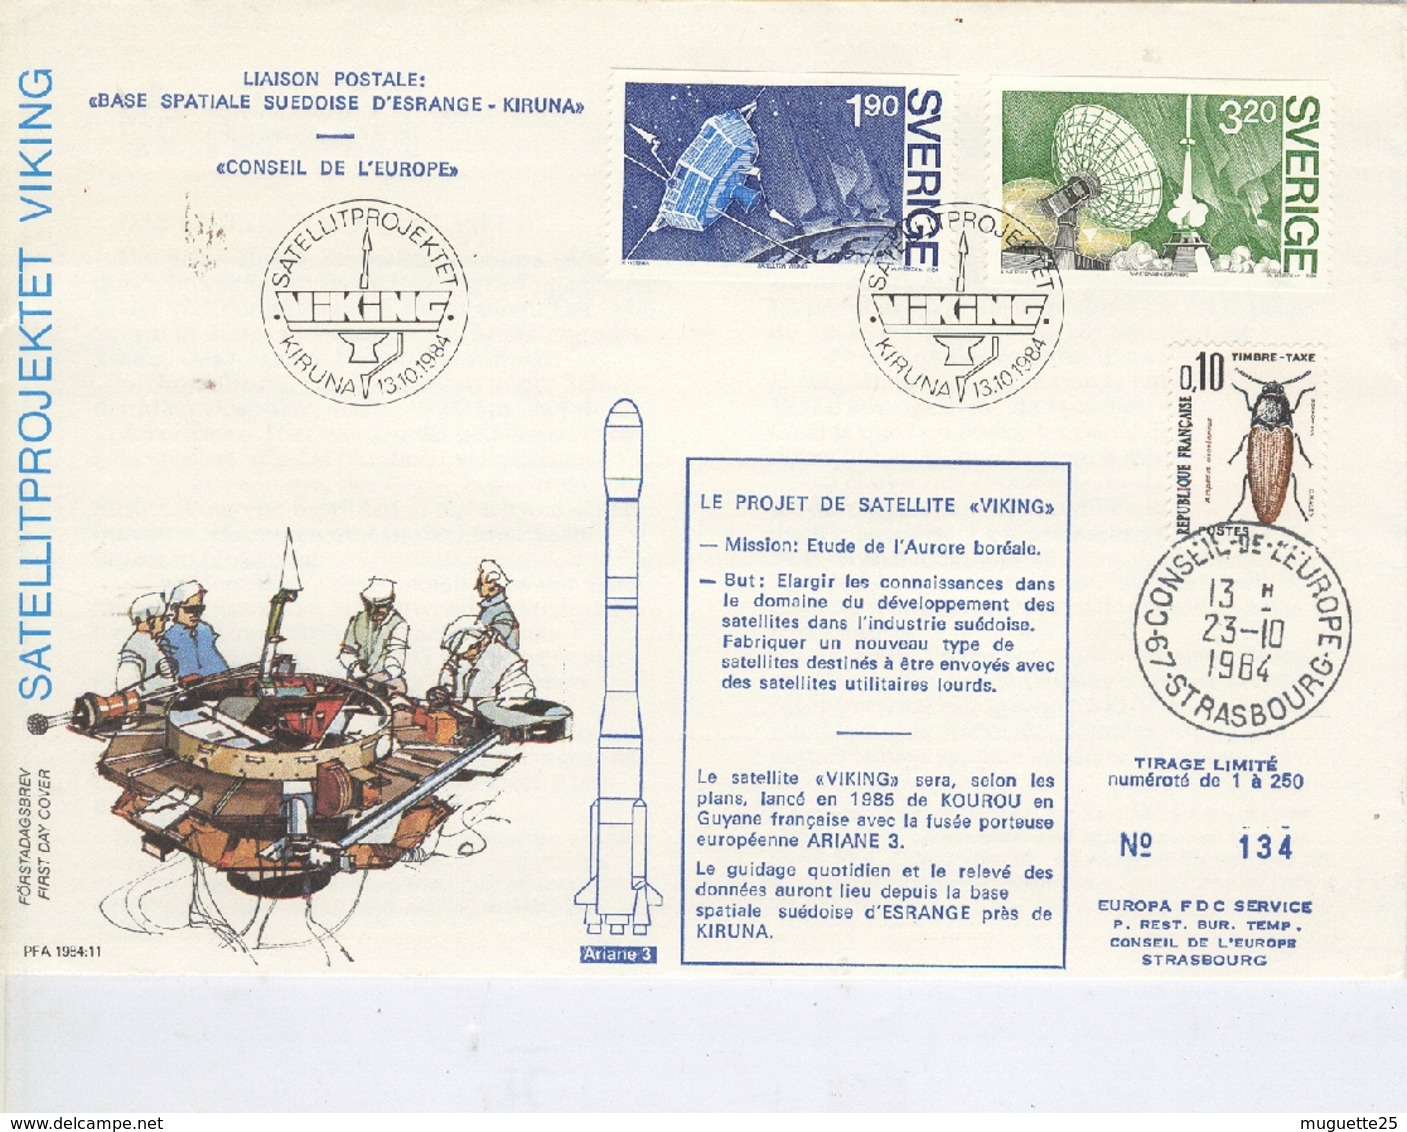 Projet De Satellite VIKING  Liaison Postale Base Spatiale Suédoise D’Esrange-Kiruna  Conseil De L’Europe -13 Octobre 198 - 1966
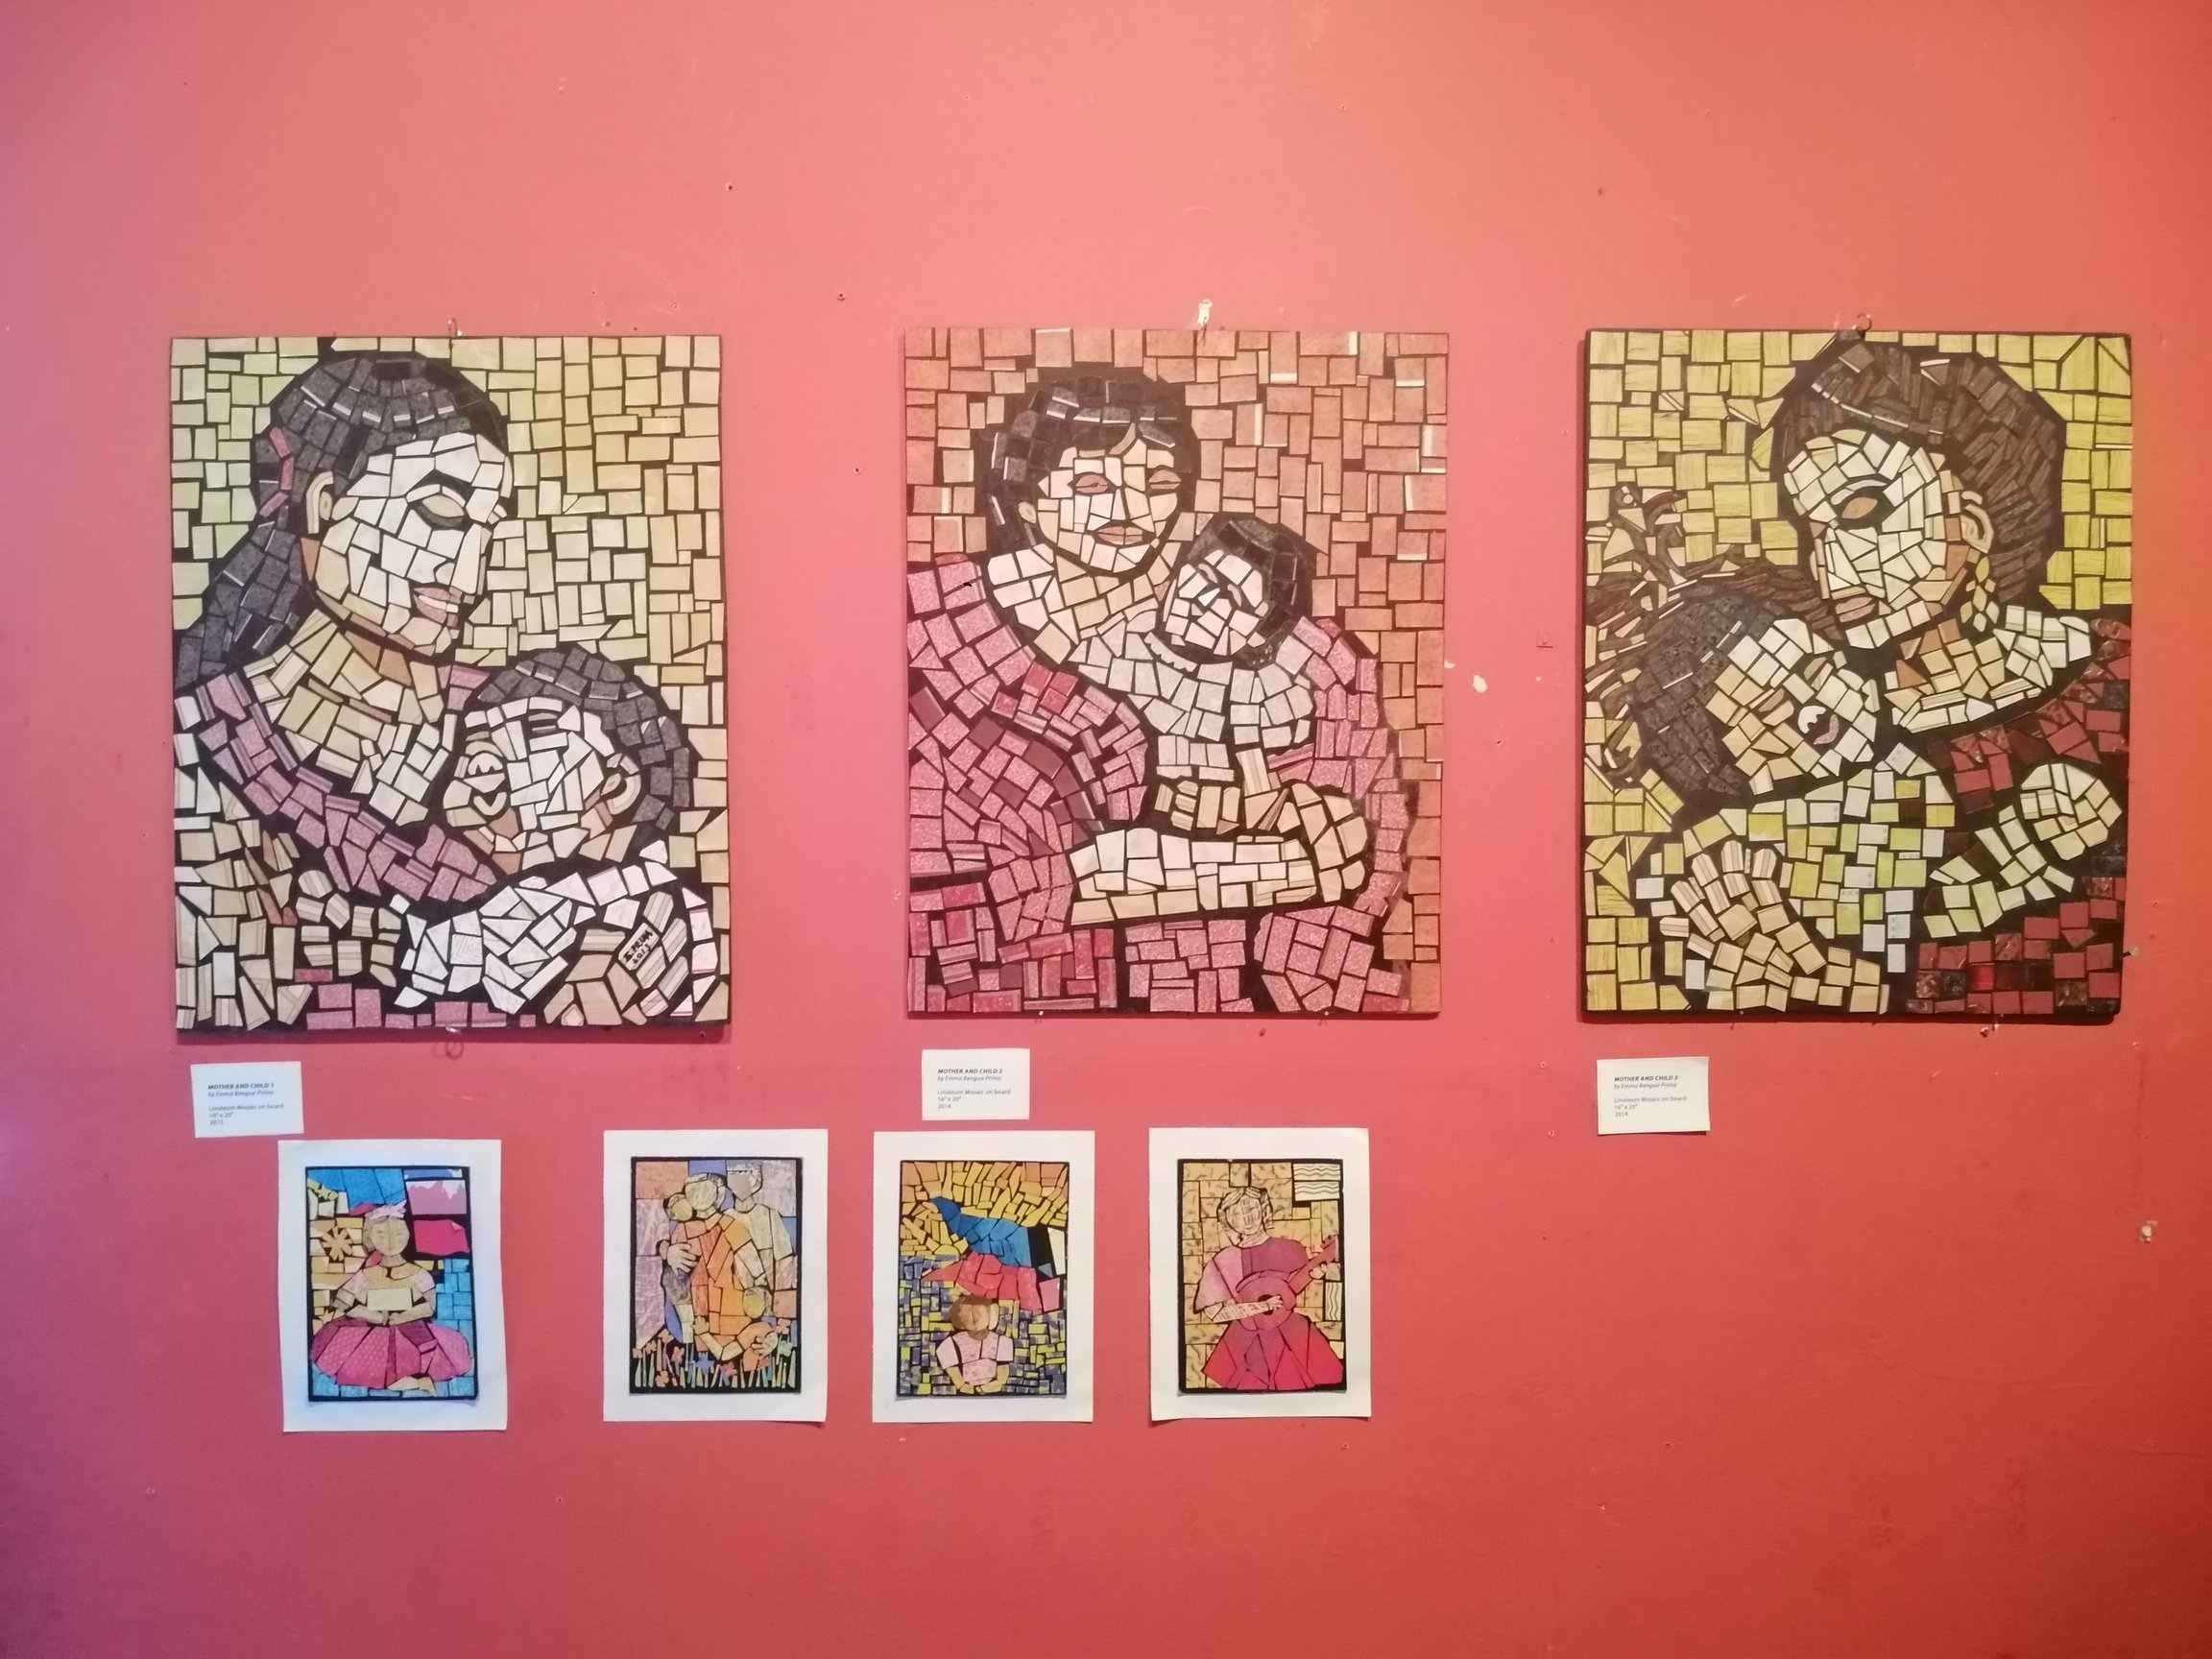 Mother-daughter tandem depicts ‘essence’ of women in art exhibit
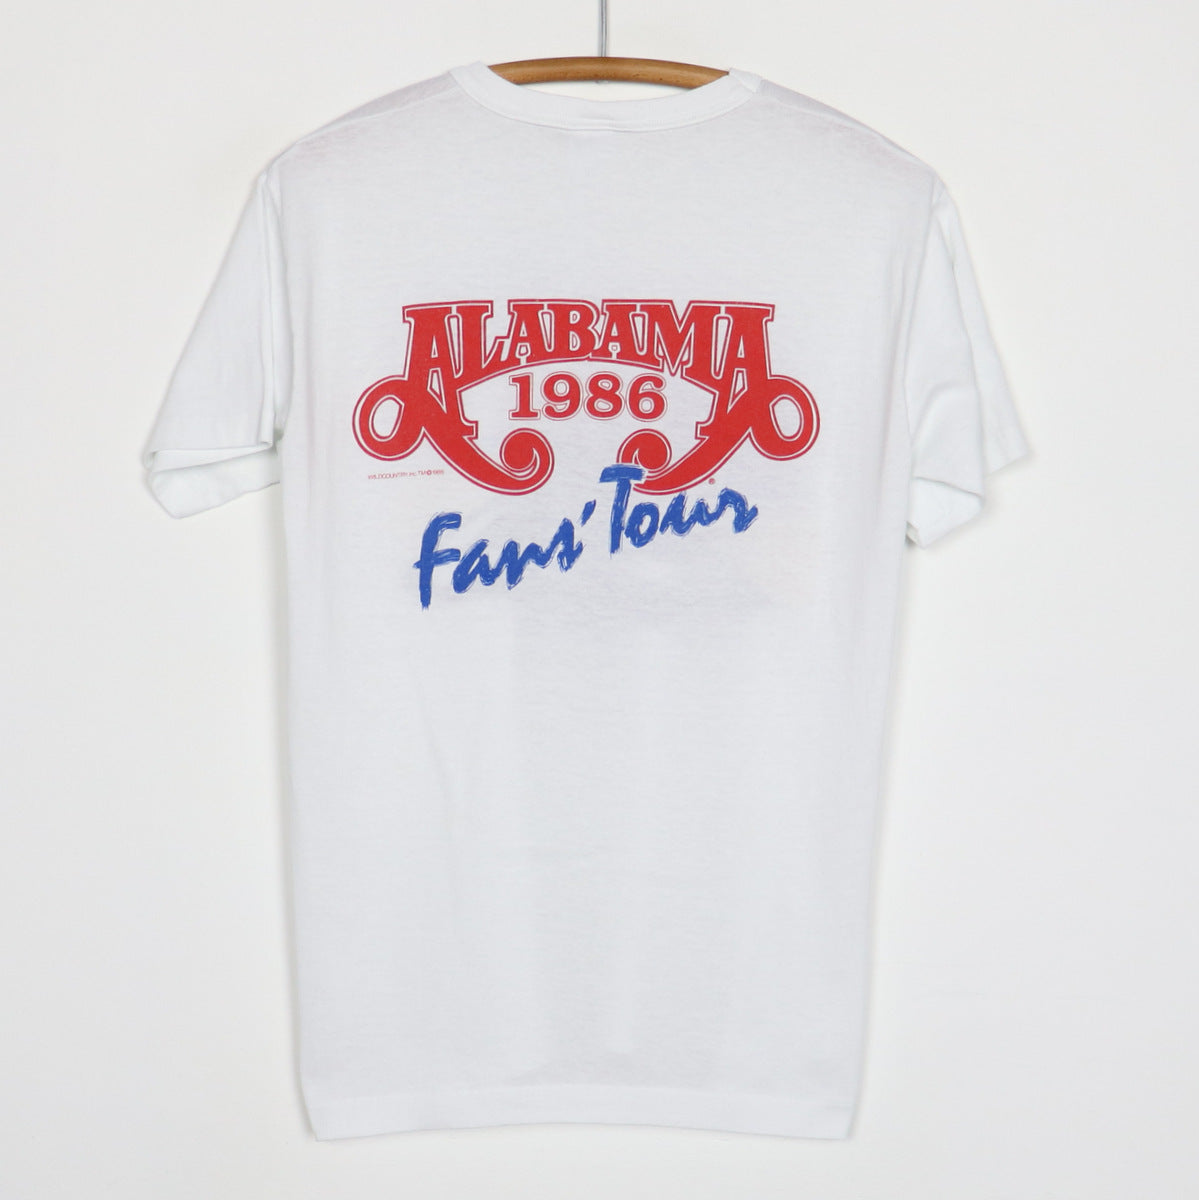 1986 Alabama Fans Tour Shirt

WORK TASK:
Your task is to reproduce all of the material exactly. The pictures stay out.

WRITTEN RESPONSE:
 Projet De Satellite VIKING  Liaison Postale Base Spatiale Suédoise D’Esrange-Kiruna  Conseil De L’Europe -13 Octobre 198 - 1966
 Mother-daughter tandem depicts ‘essence’ of women in art exhibit
 1986 Alabama Fans Tour Shirt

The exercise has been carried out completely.